**Supplied material**
####################

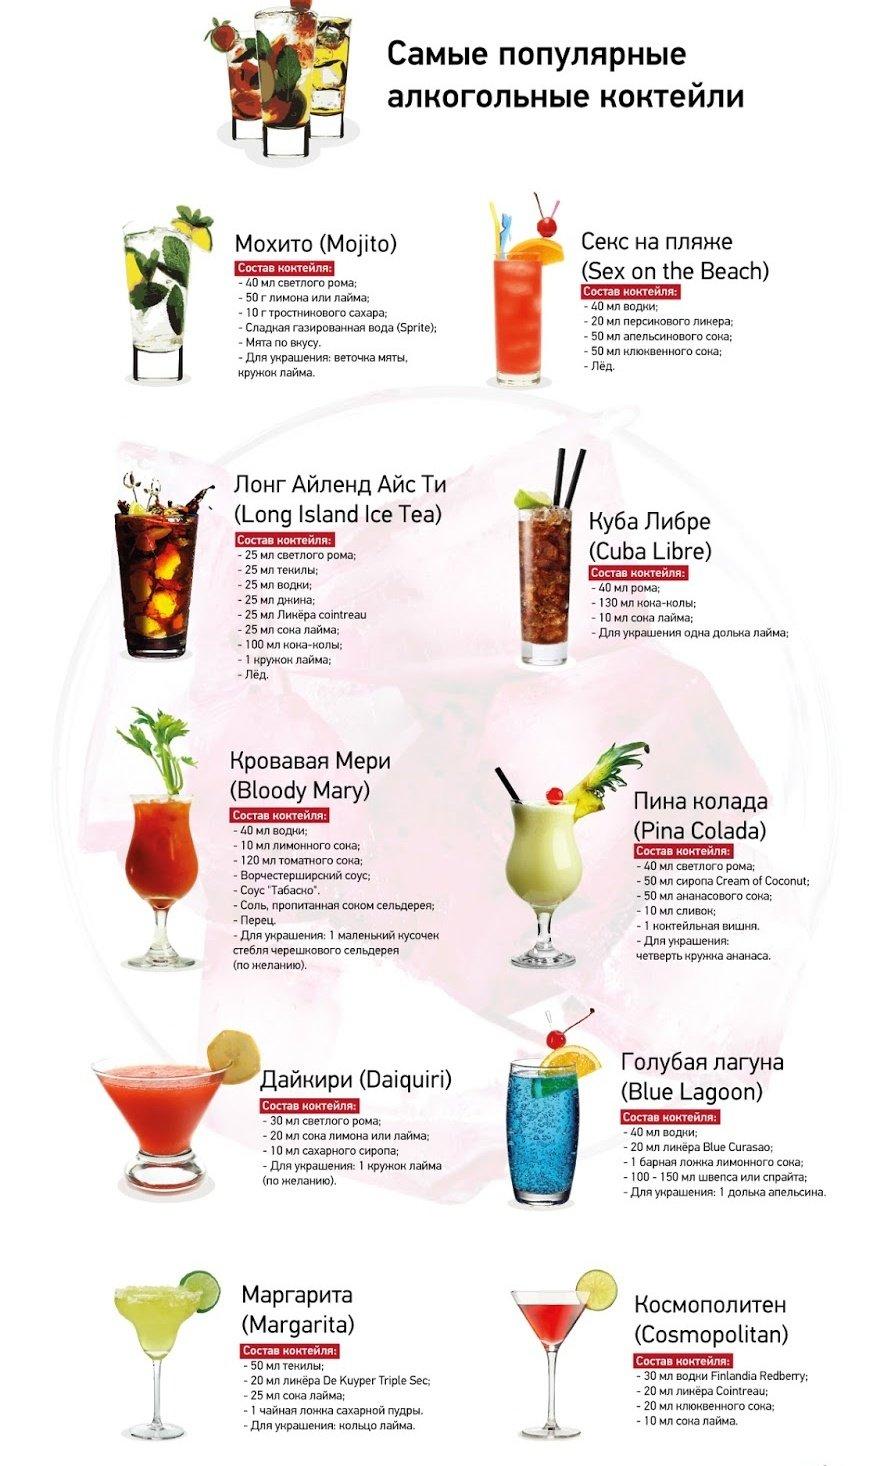 Молочные алкогольные коктейли рецепты
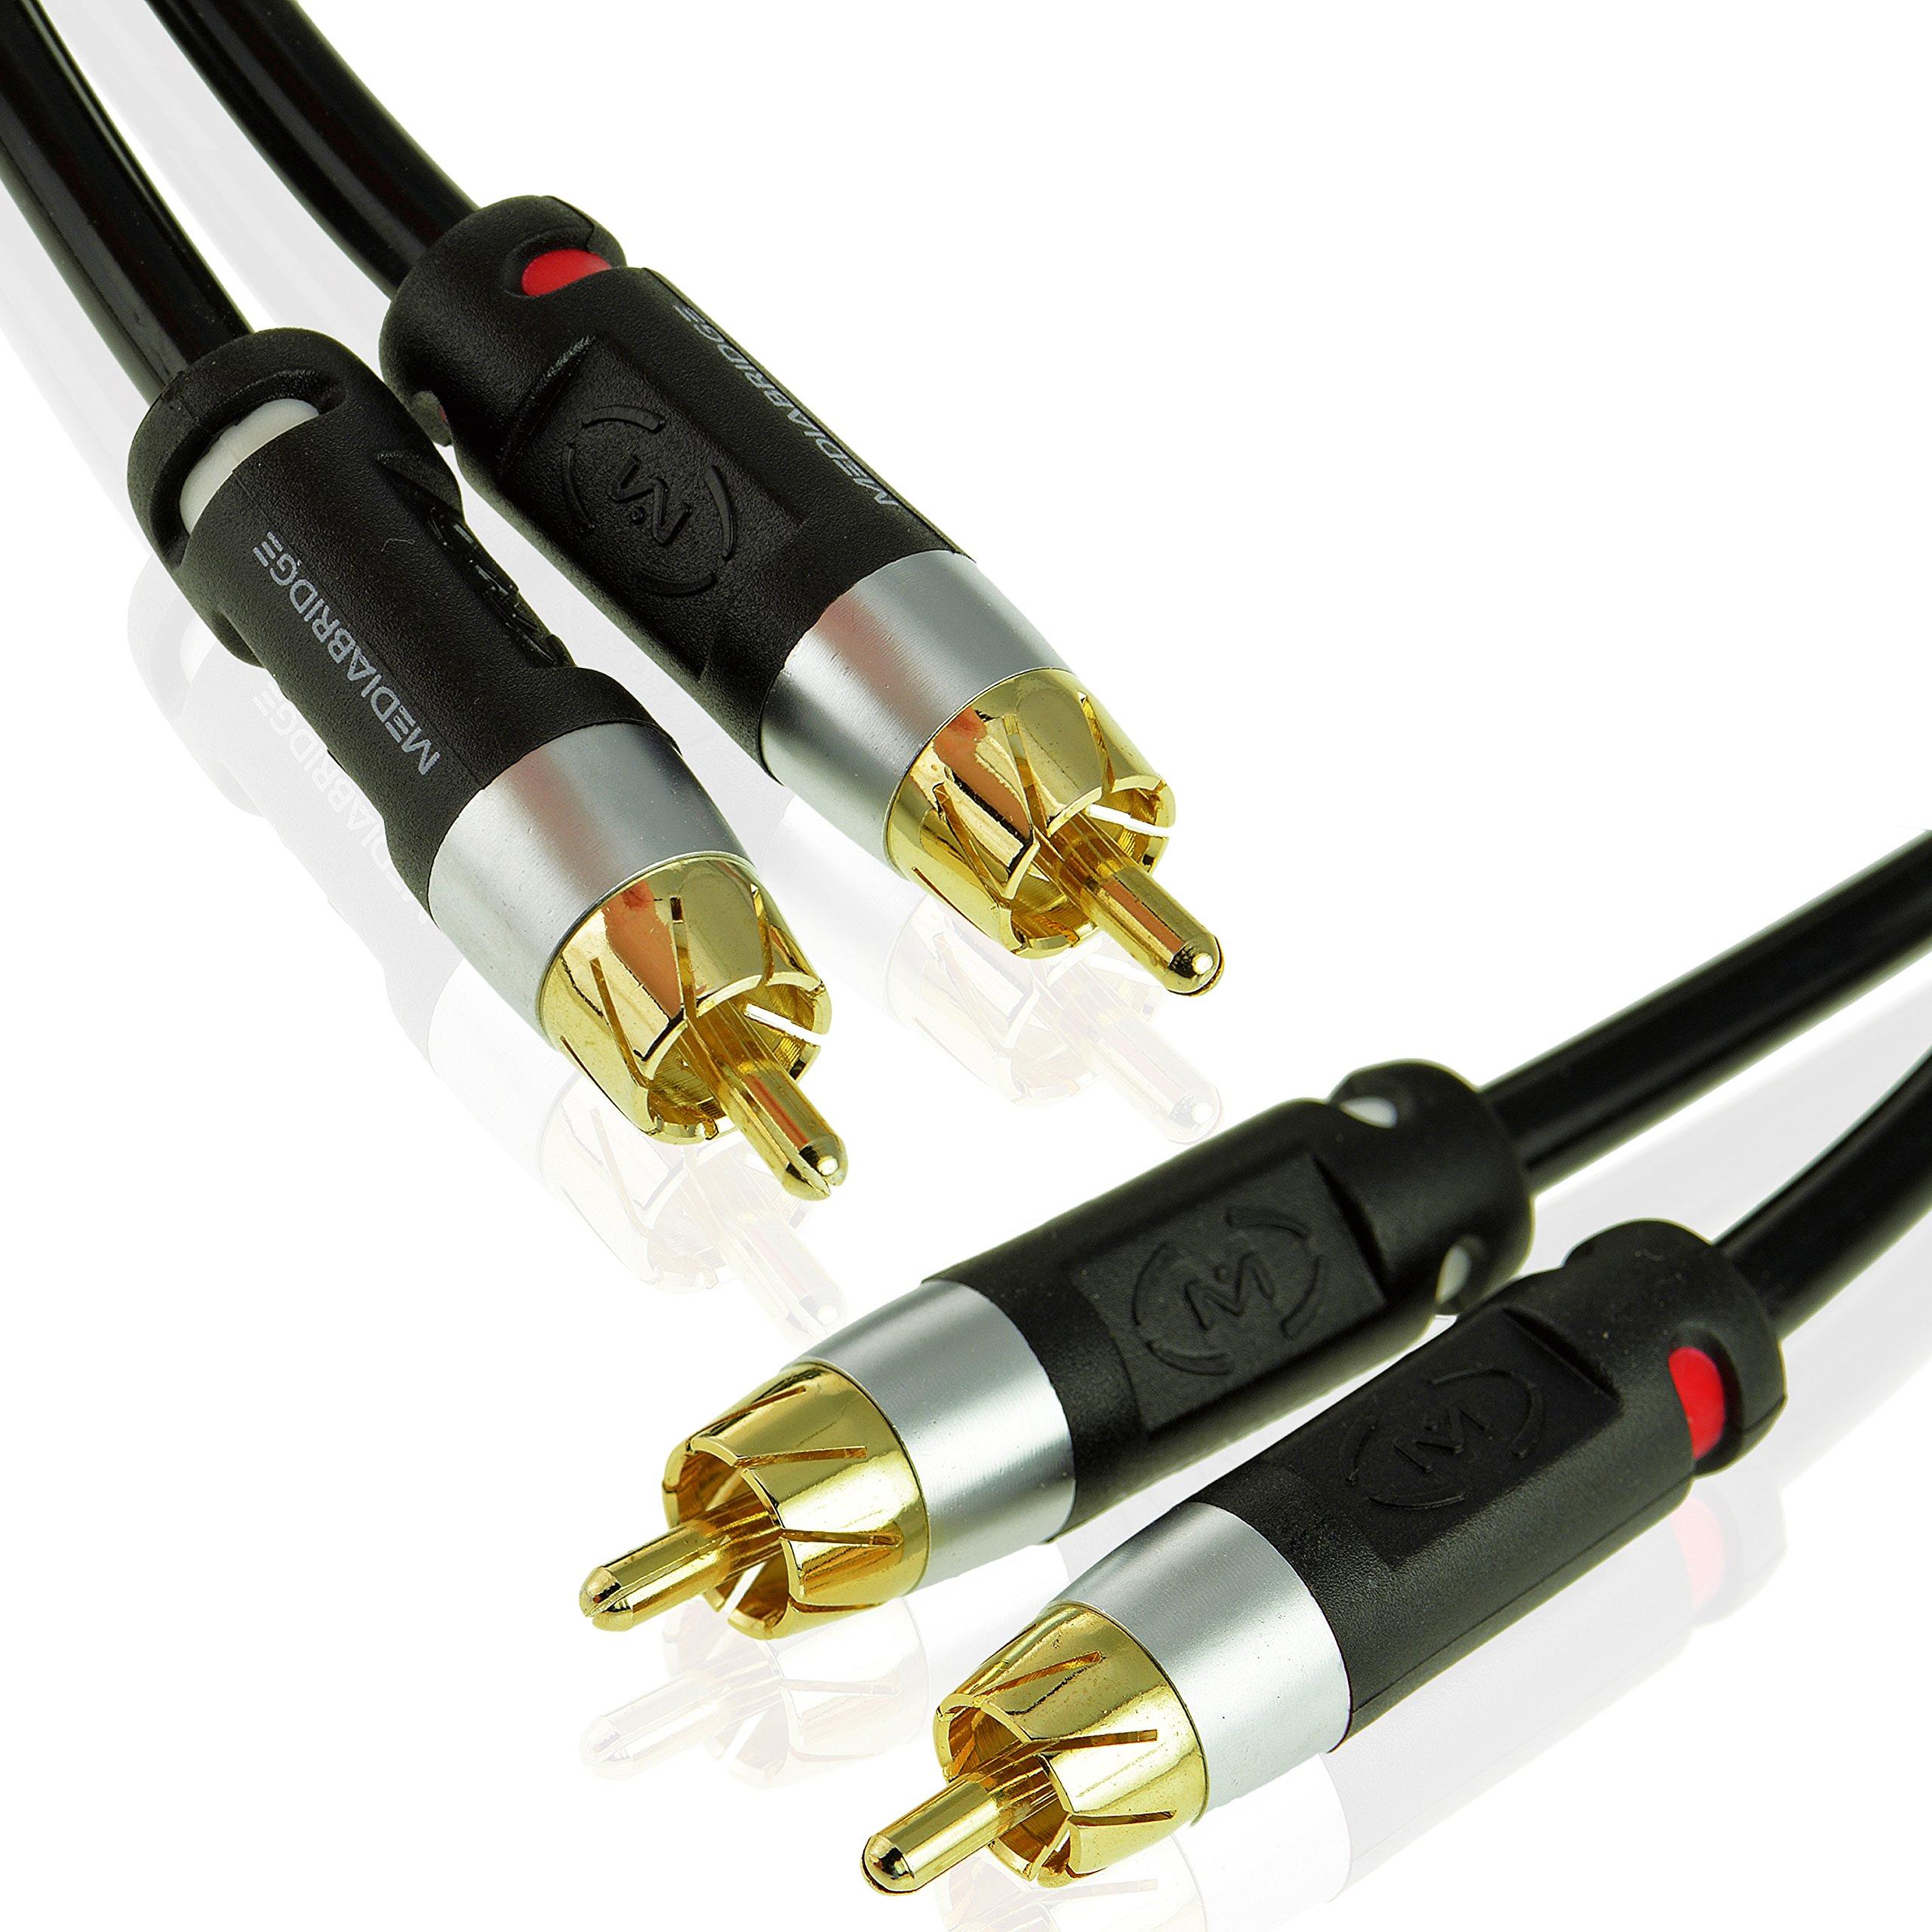 Mediabridge Ultra Series RCA Y-Adapter 15 Feet Dual Shielded CYA-1M2M-15B - for Digital Audio or Subwoofer Black -
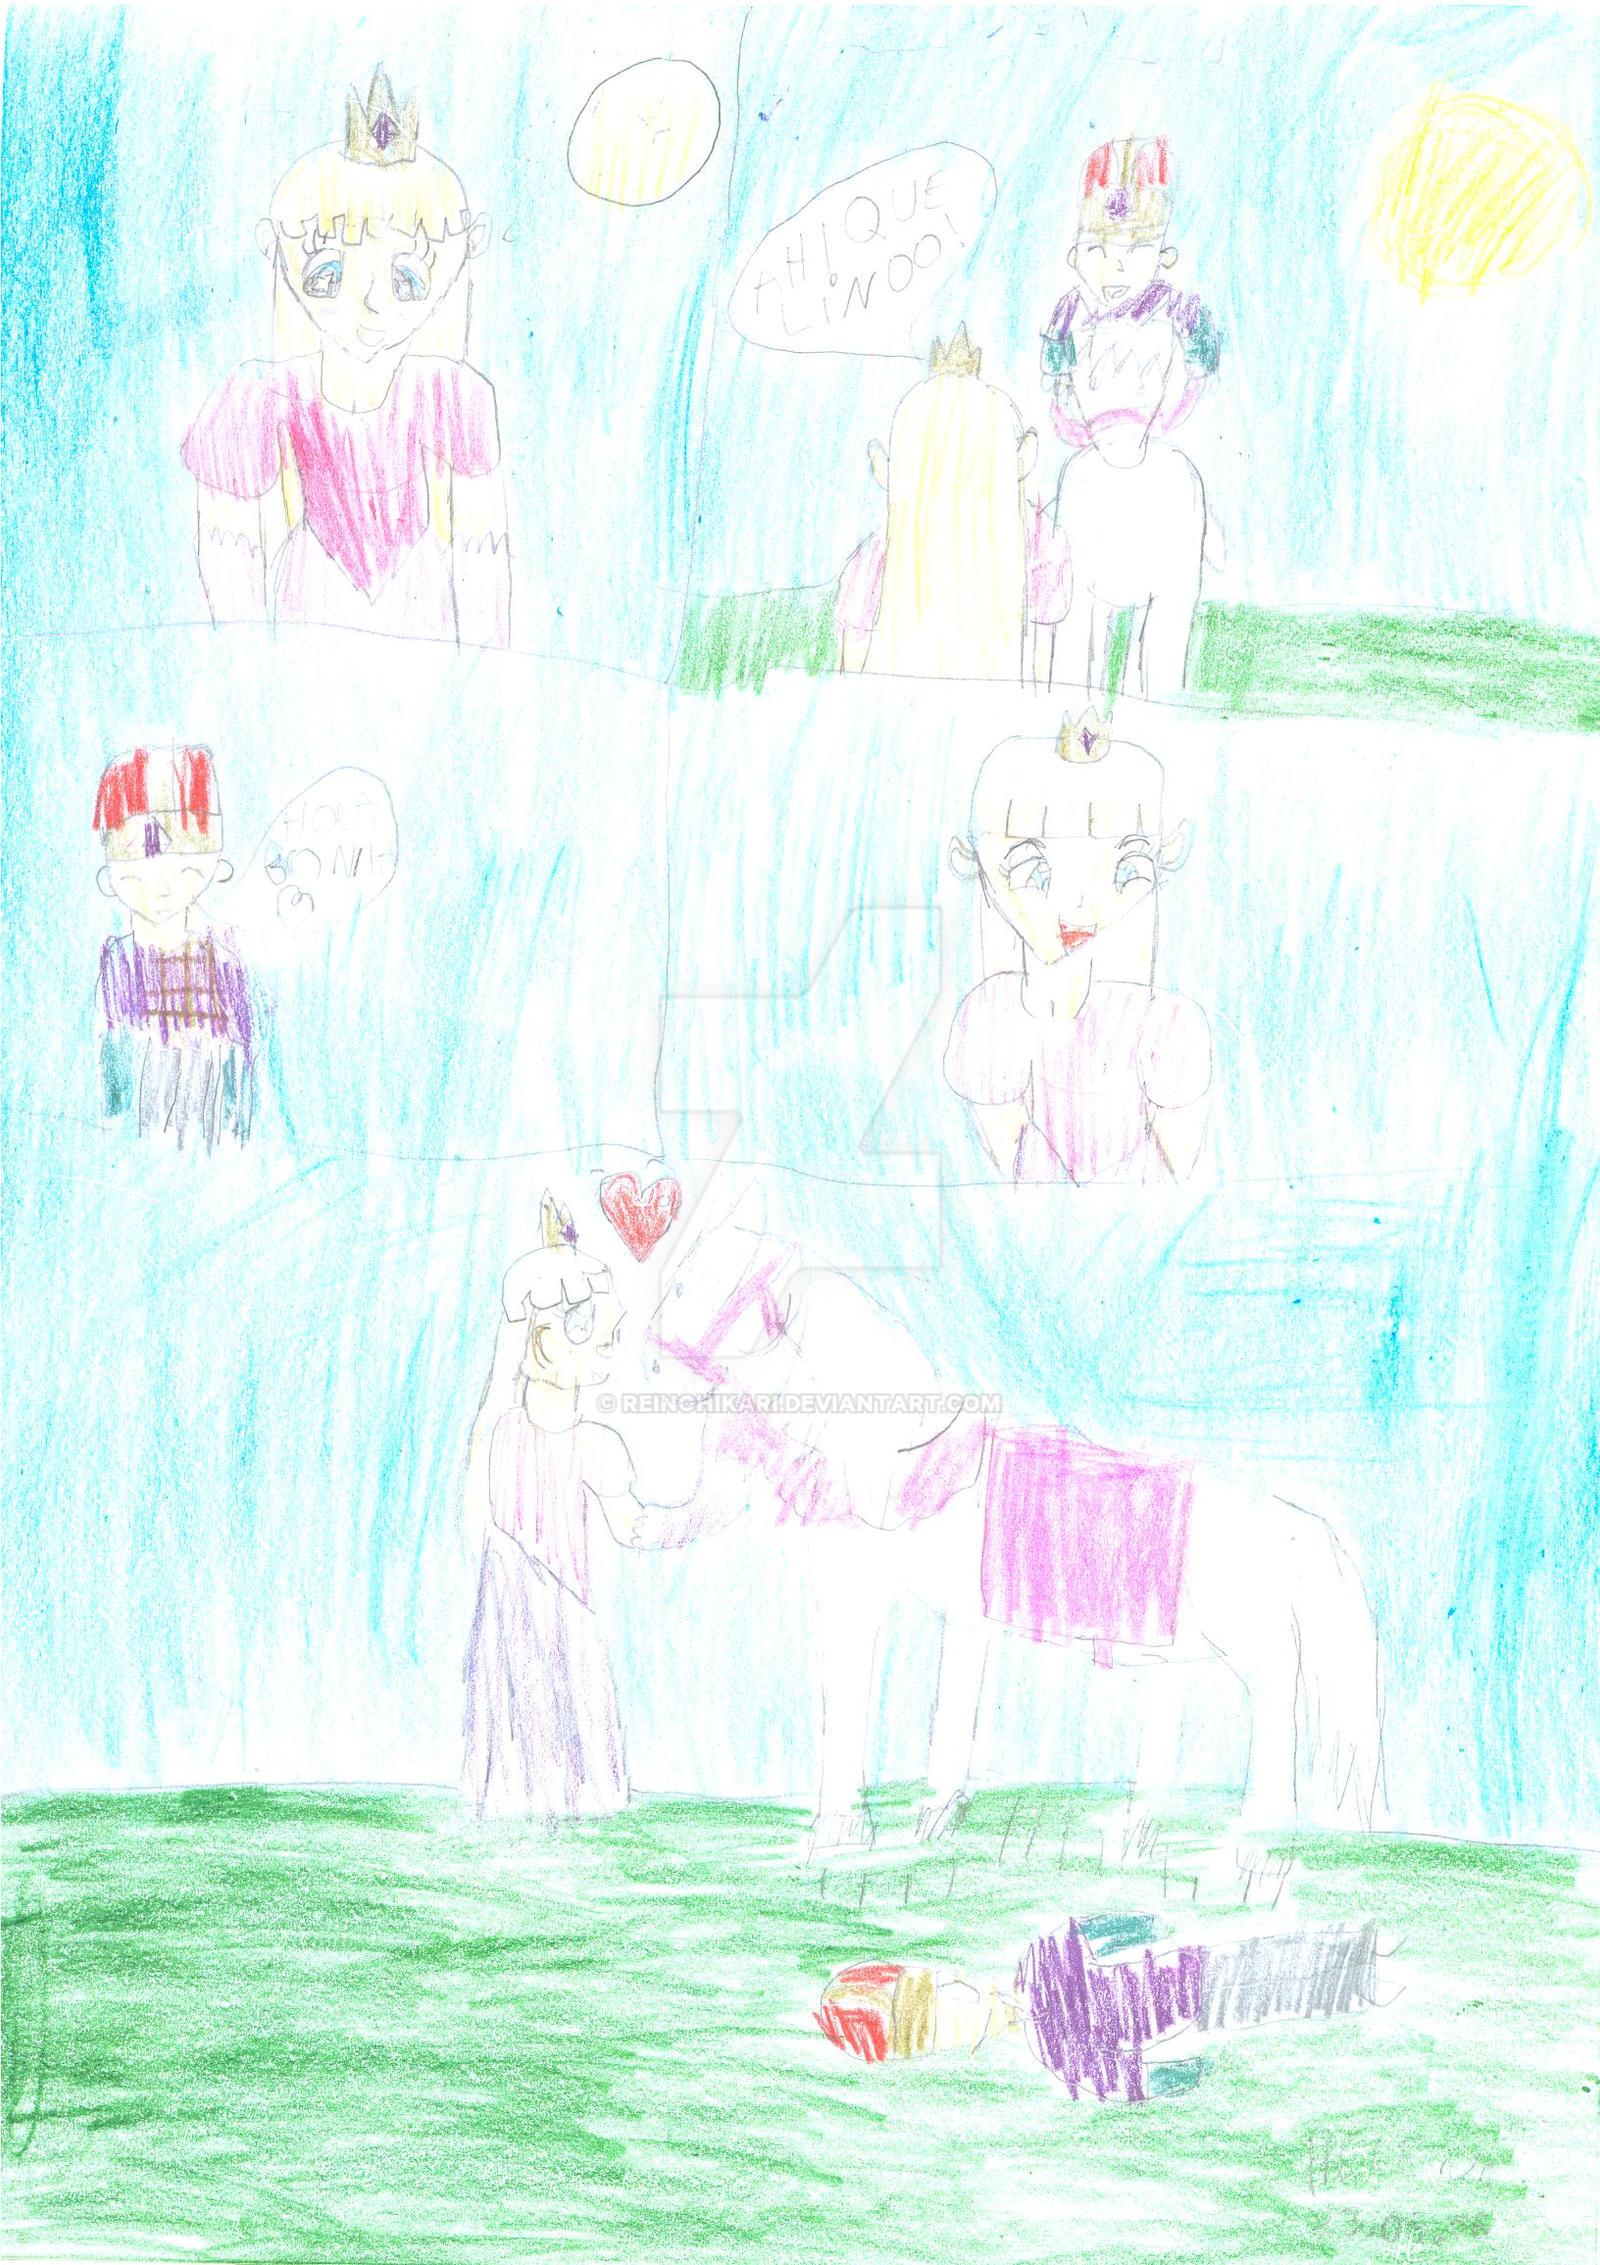 White horse... by Reinohikari

####################

**Exercise**
Write out exactly the lines from the line that contains "Mediabridge Ultra Series" to the last line of the material above, both included; pictures do not belong in the copy.

**Expected answer**
 Mediabridge Ultra Series RCA Y-Adapter 15 Feet Dual Shielded CYA-1M2M-15B - for Digital Audio or Subwoofer Black -
 White horse... by Reinohikari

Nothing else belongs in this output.